WORK TO COMPLETE
Output the listing exactly as written, apart from its pictures.

++++ MATERIAL TO PROCESS ++++

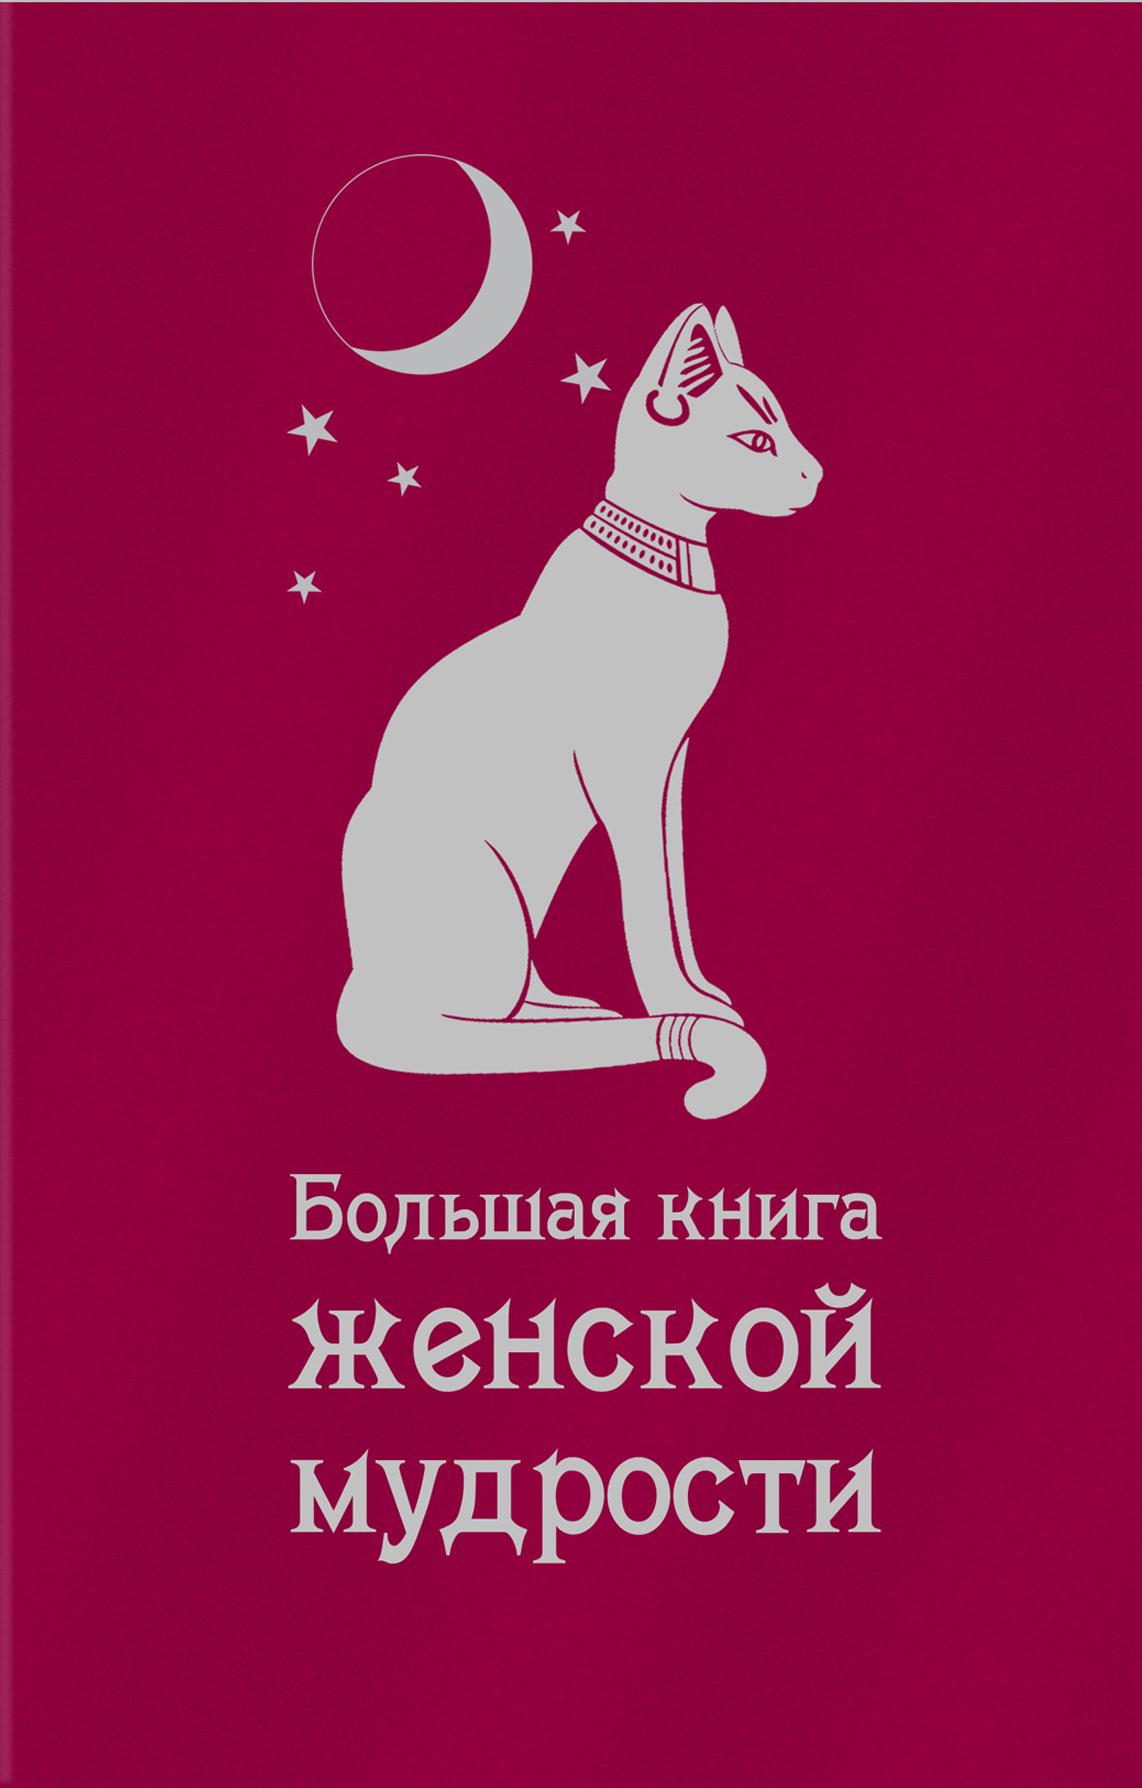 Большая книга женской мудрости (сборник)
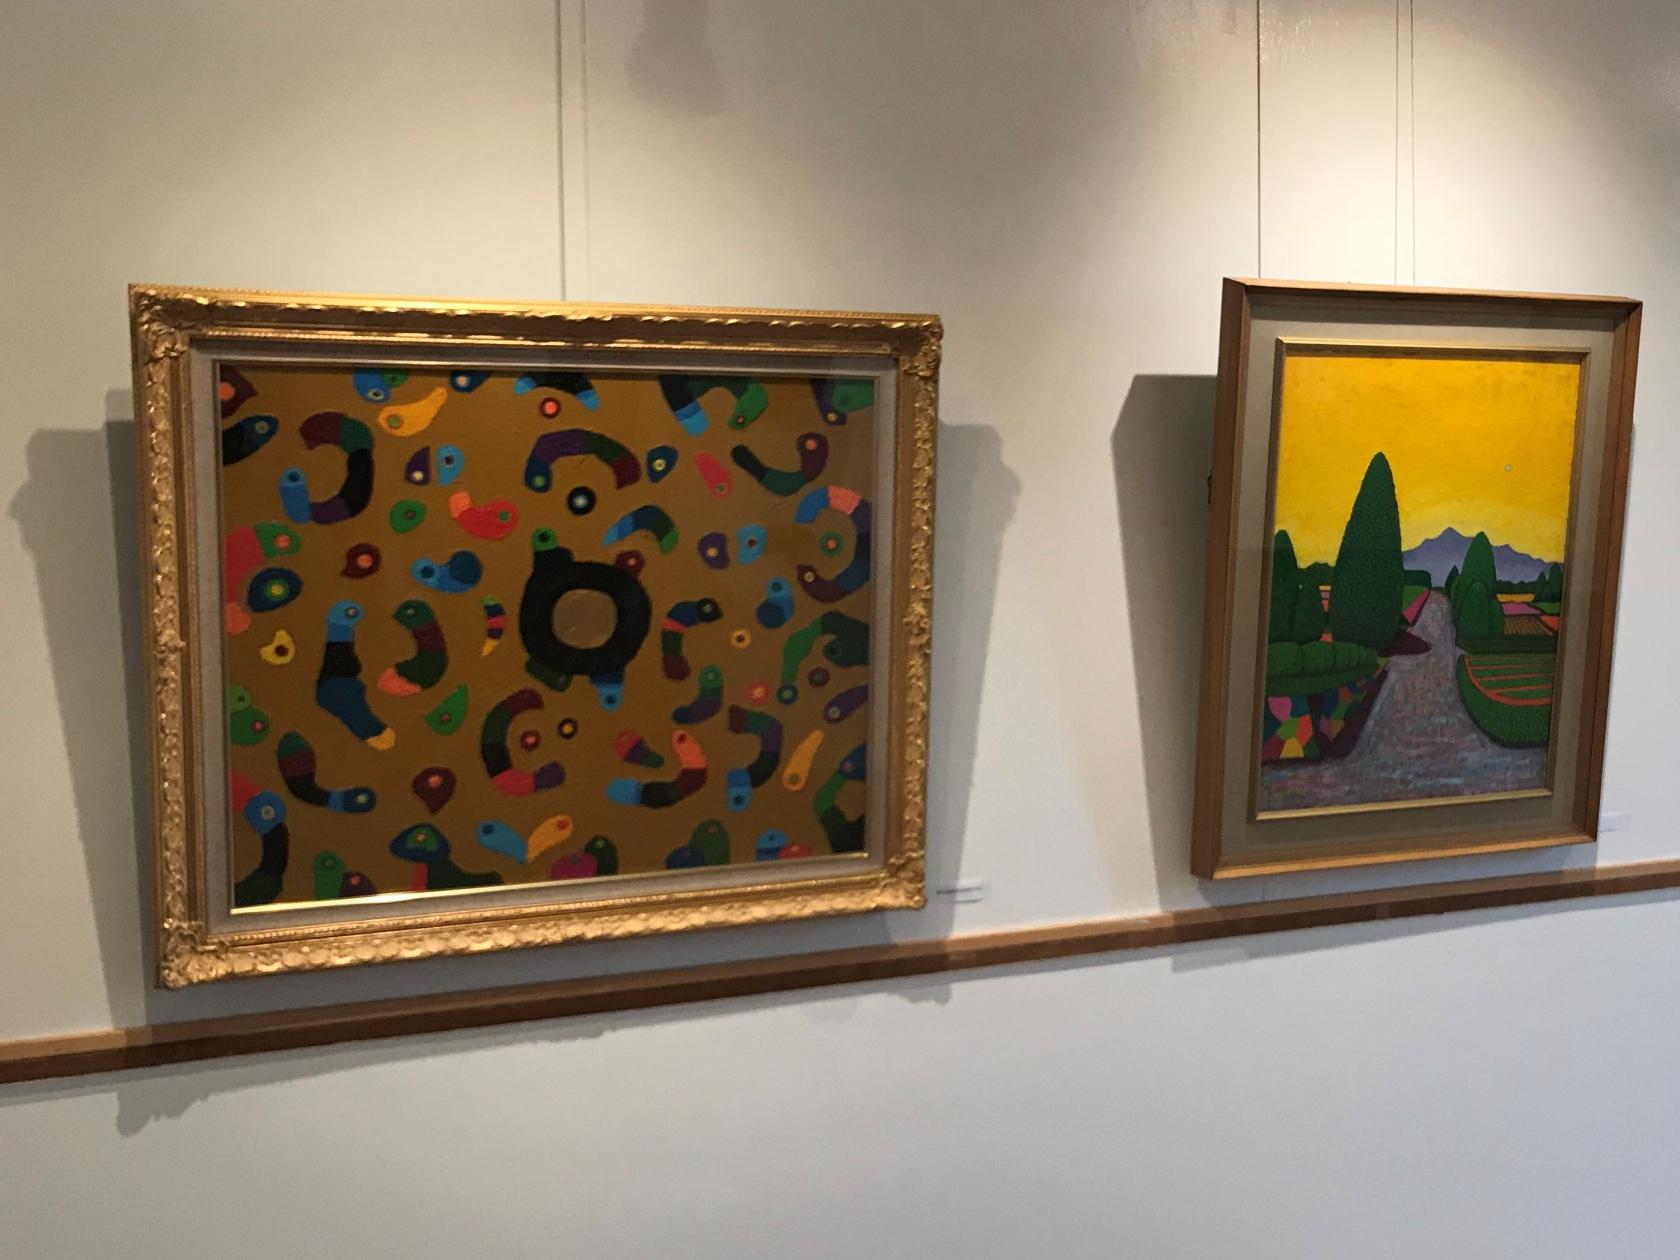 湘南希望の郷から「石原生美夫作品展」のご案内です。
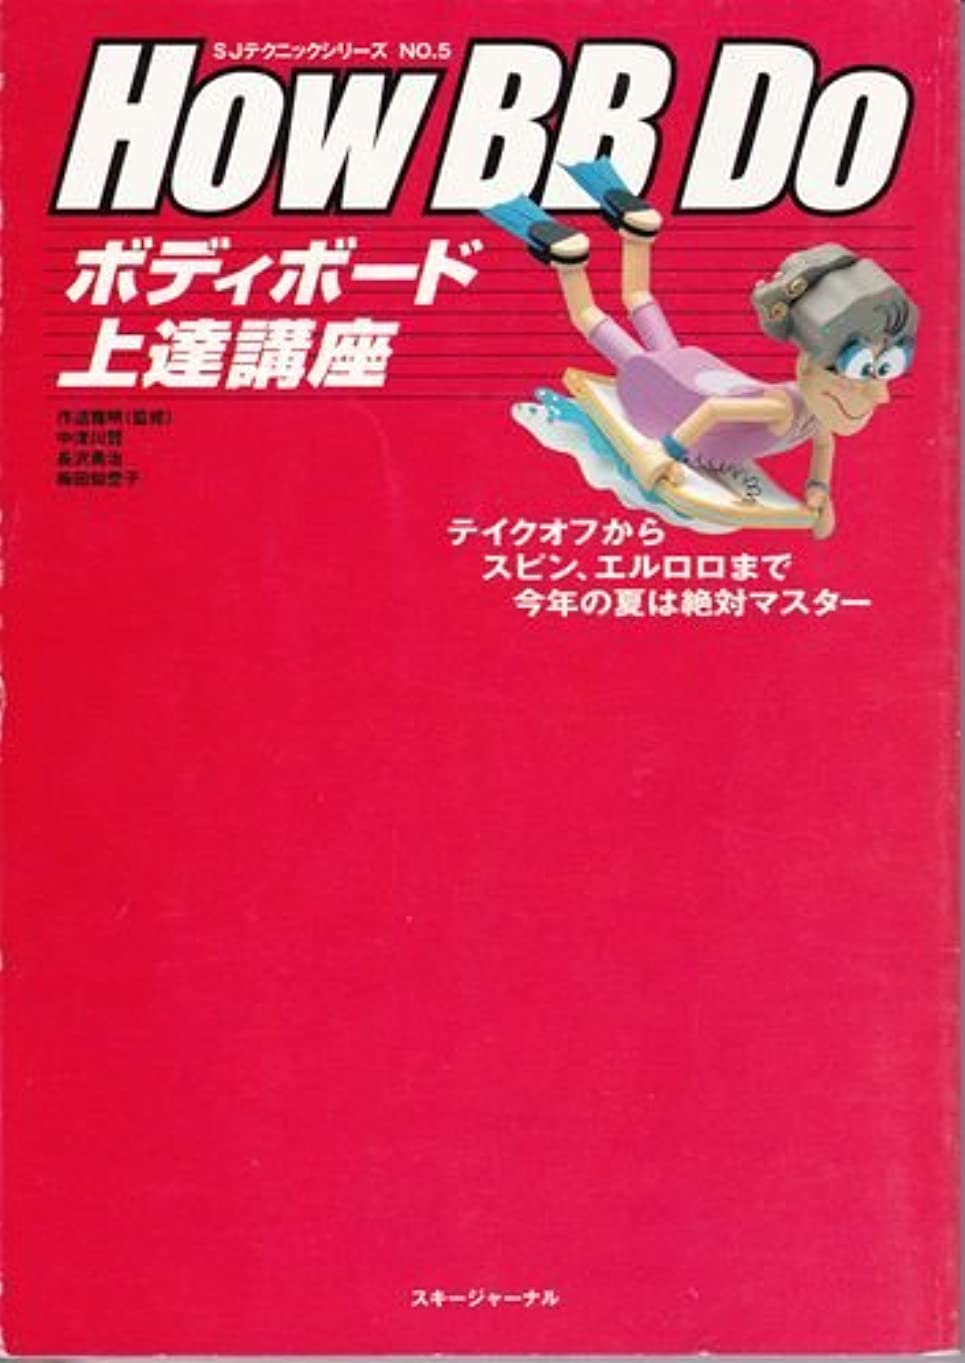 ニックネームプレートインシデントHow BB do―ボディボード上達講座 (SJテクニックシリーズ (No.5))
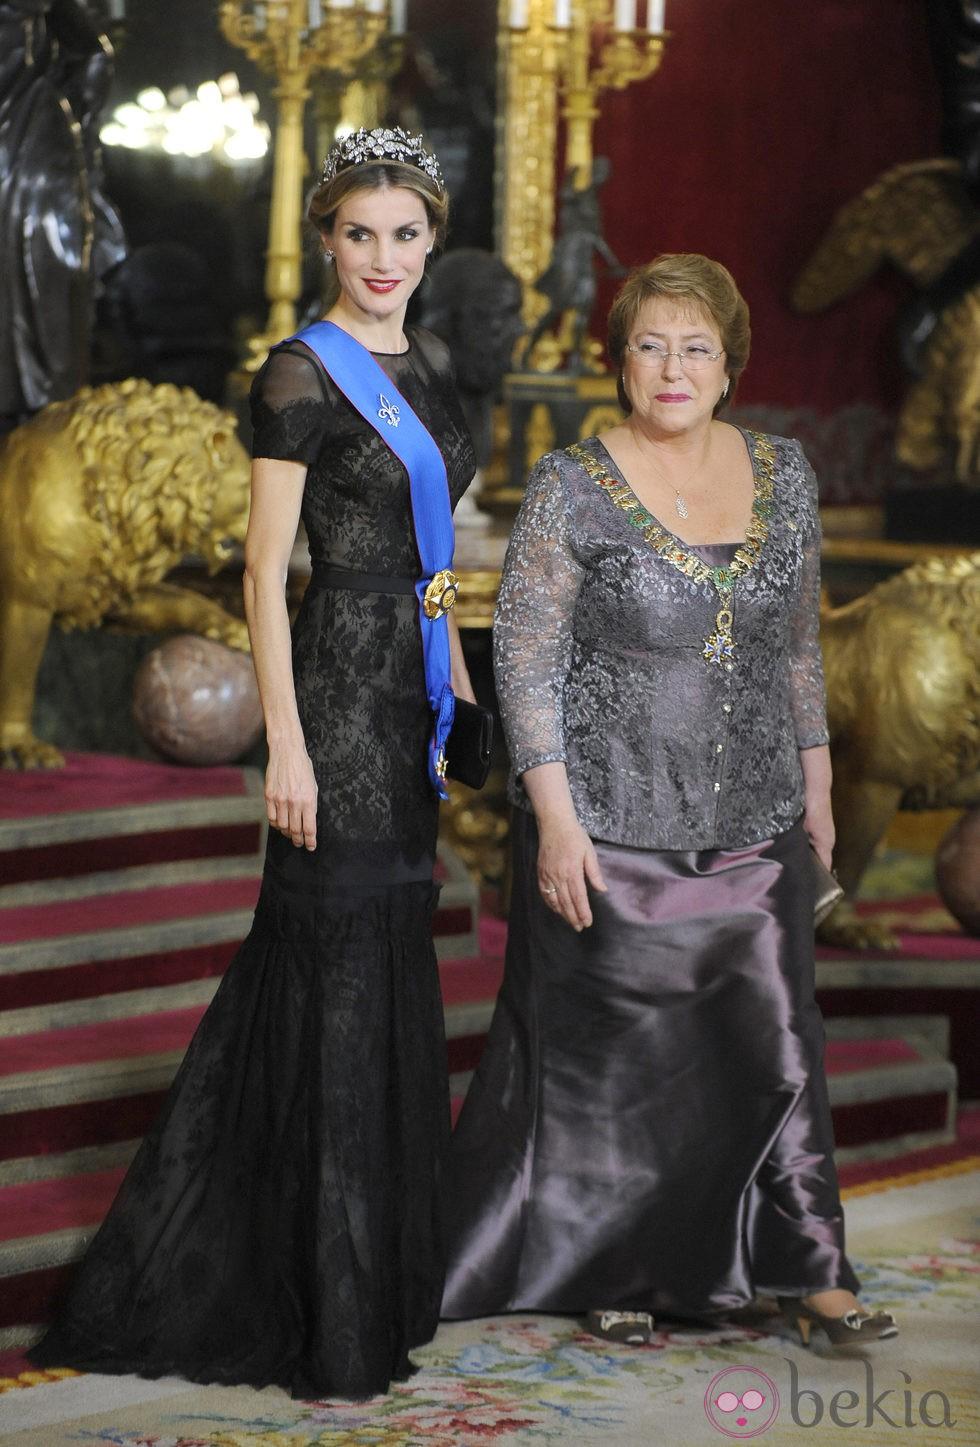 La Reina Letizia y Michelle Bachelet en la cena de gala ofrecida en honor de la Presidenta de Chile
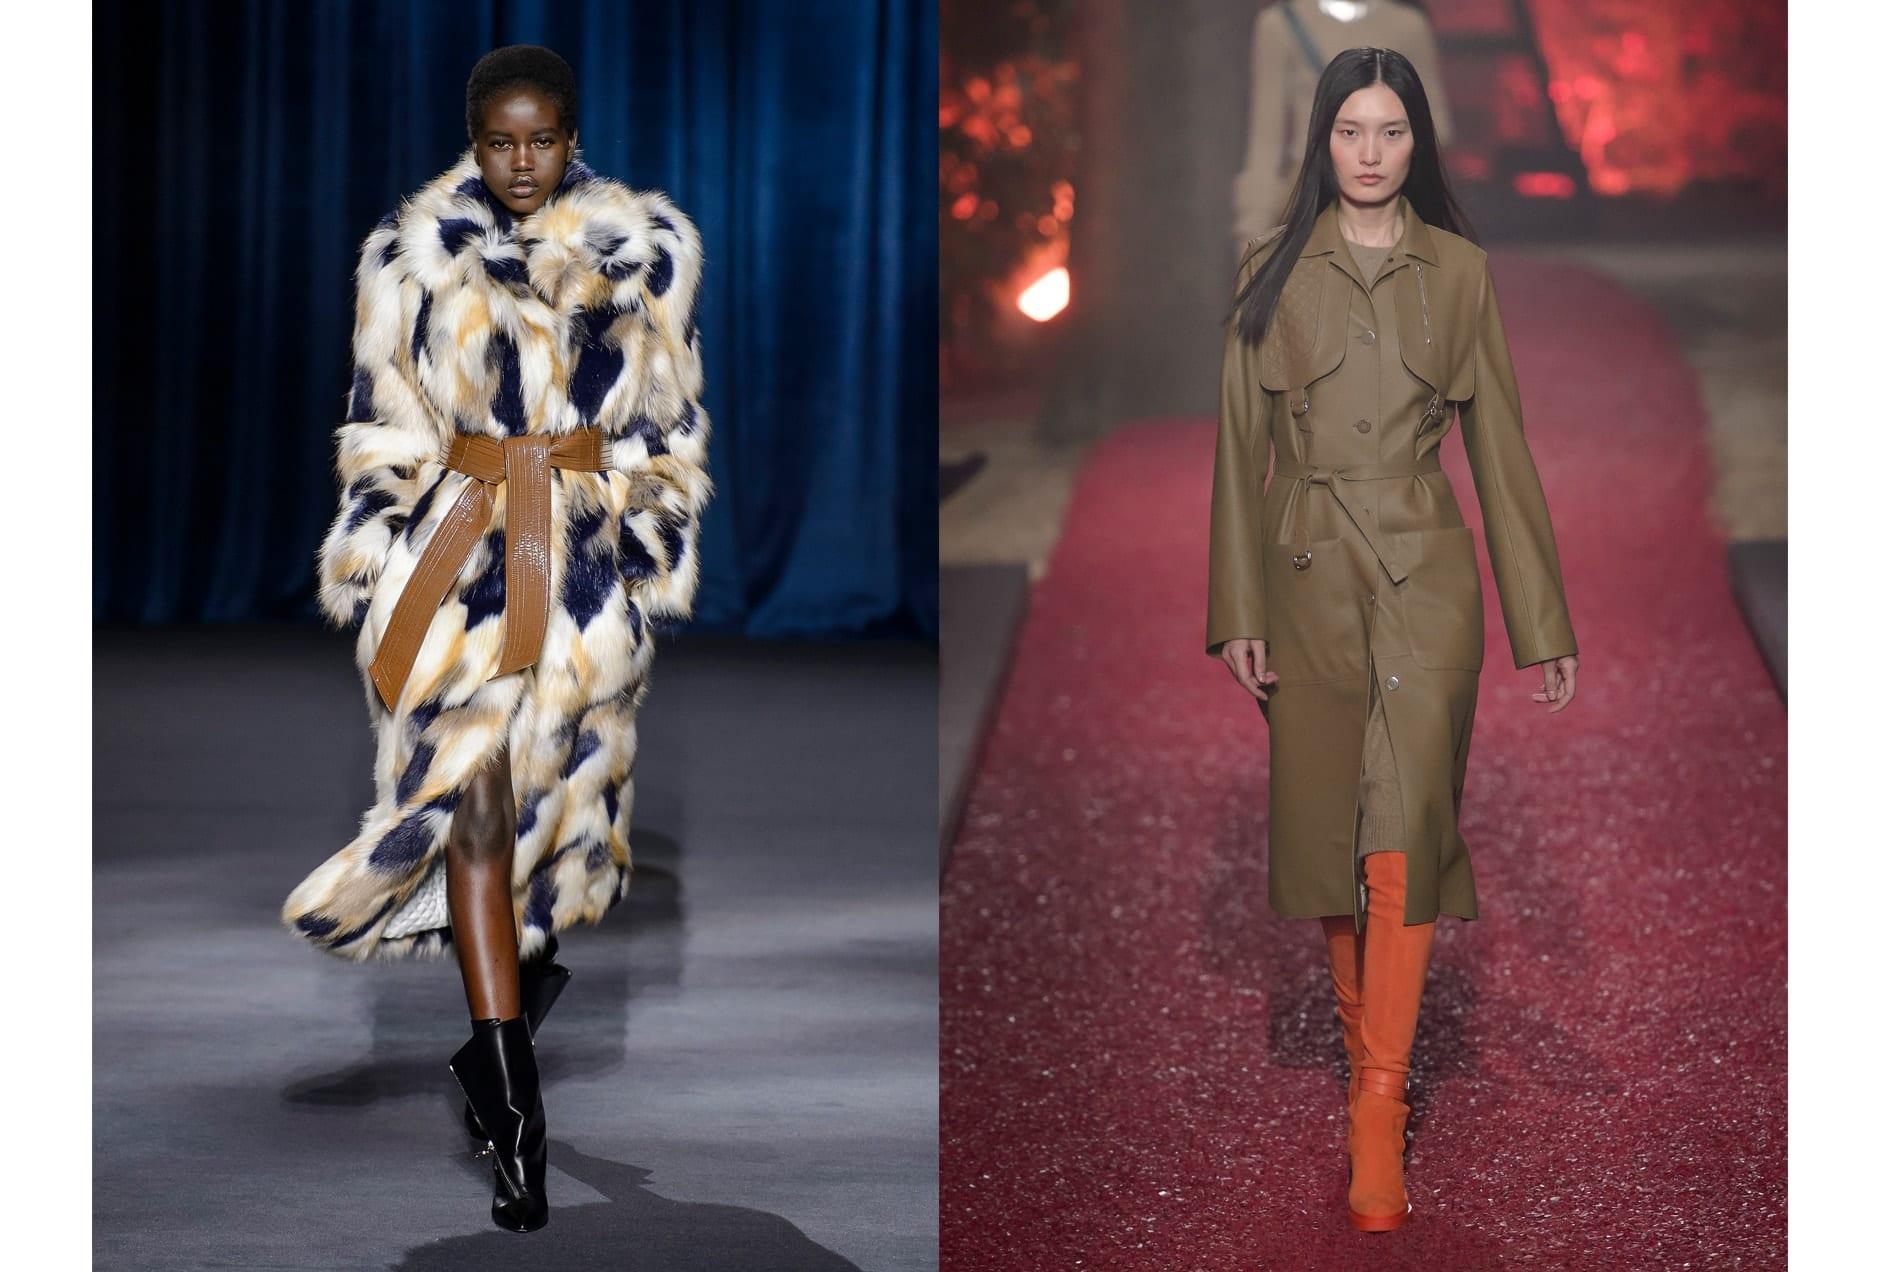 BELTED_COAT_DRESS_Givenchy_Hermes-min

++++

RESULT OF THE TASK
 Большая книга женской мудрости (сборник)
 湘南希望の郷から「石原生美夫作品展」のご案内です。
 ニックネームプレートインシデントHow BB do―ボディボード上達講座 (SJテクニックシリーズ (No.5))
 La Reina Letizia y Michelle Bachelet en la cena de gala ofrecida en honor de la Presidenta de Chile
 BELTED_COAT_DRESS_Givenchy_Hermes-min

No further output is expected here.